从根源上来说,建国以来国家权力向基层社会的过度延伸,使其在牢牢掌控基层社会的同时,也使个人和家庭完全原子化。尽管国家也采取了一系列的措施推进居民和社区自治,如村委会、居委会、街道办事处等基层组织,但国家仍然牢牢地主导者社区的发展,从而呈现出一种“强政府、弱社会”的局面(周晓虹,2008),没能发展出基于共同利益或信仰而自愿结成的、能够引导公民积极参与社会生活和社会事务的中间组织。在组织方面的缺乏既使之难以形成团结一致的集体去应对由强势集团制造的环境不公平,也由此形成了对公共权力的依赖心理。其次,在经济发展焦虑和技术话语对环境问题的虚化之下,往往只有生态环境遭受严重威胁的地区才能深刻体验到环境不公平所带来的苦楚,这就使得人们对环境不公平的理解过于集中于地方性经验,在对普遍的环境权利的诉求面前成为“沉默的大多数”,无法真正突破个人和小集体利益的局限。正是在组织和共同利益上的欠缺,使得社会对环境公平的呼唤常常呈现出零散的、孤立无援的面貌。

参考文献:

[1]包智明、陈占江,2011,《中国经验的环境之维:向度及其限度——对中国环境社会学研究的回顾与反思》,《社会学研究》第6期。

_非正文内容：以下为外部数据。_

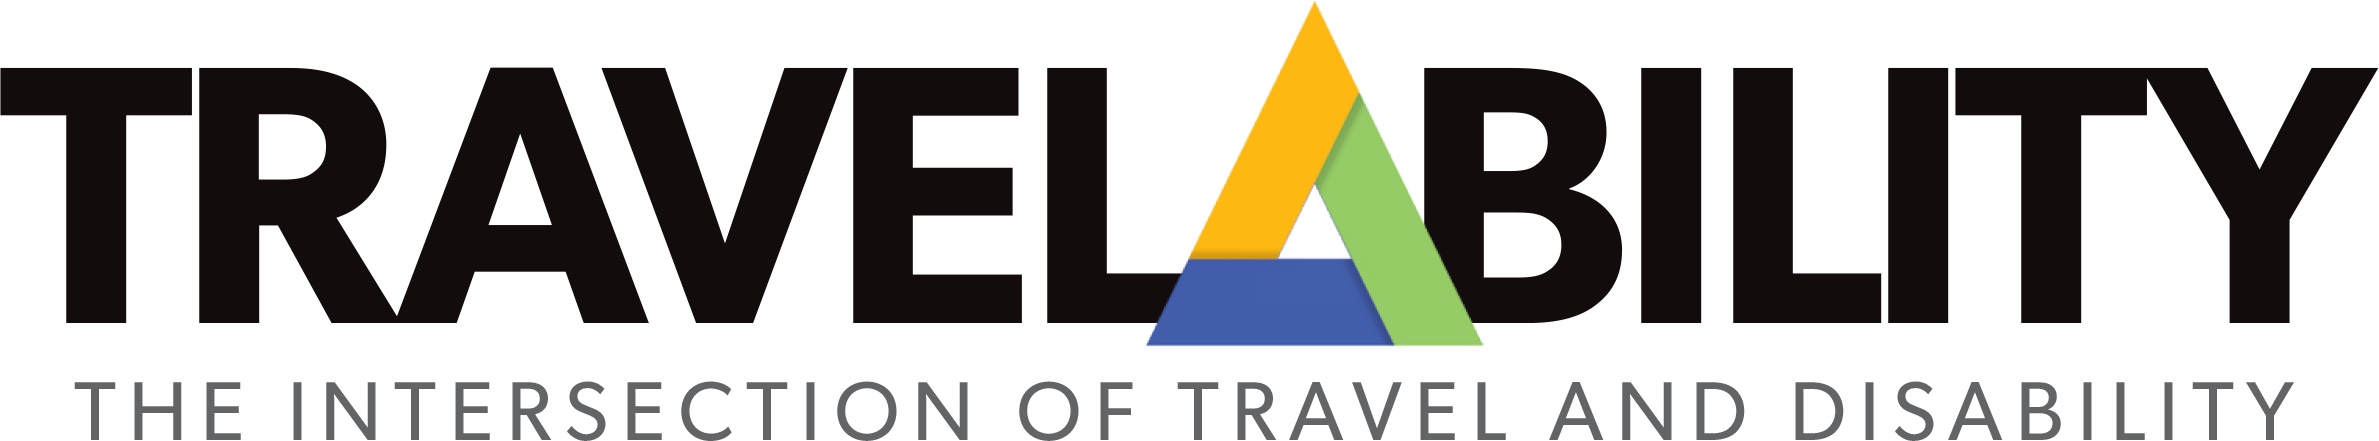 Travelability logo

[2]冯仕政,2007,《沉默的大多数:差序格局与环境抗争》,《中国人民大学学报》第1期。

[3]洪大用,2000,《当代中国社会转型与环境问题——一个初步的分析框架》,《东南学术》第5期。

[4]荀丽丽、包智明,2007,《政府动员型环境政策及其地方实践——关于内蒙古S旗生态移民的社会学分析》,《中国社会科学》第5期。

[5]张玉林,2010,《环境抗争的中国经验》,《学海》第2期。

[6]周晓虹,2008,《国家、市场与社会:秦淮河污染治理的多维动因》,《社会学研究》第1期。

作者简介:高歌(1991-),女,湖北武汉人,武汉大学社会学系社会学专业2010级本科,从事社会学学习与研究。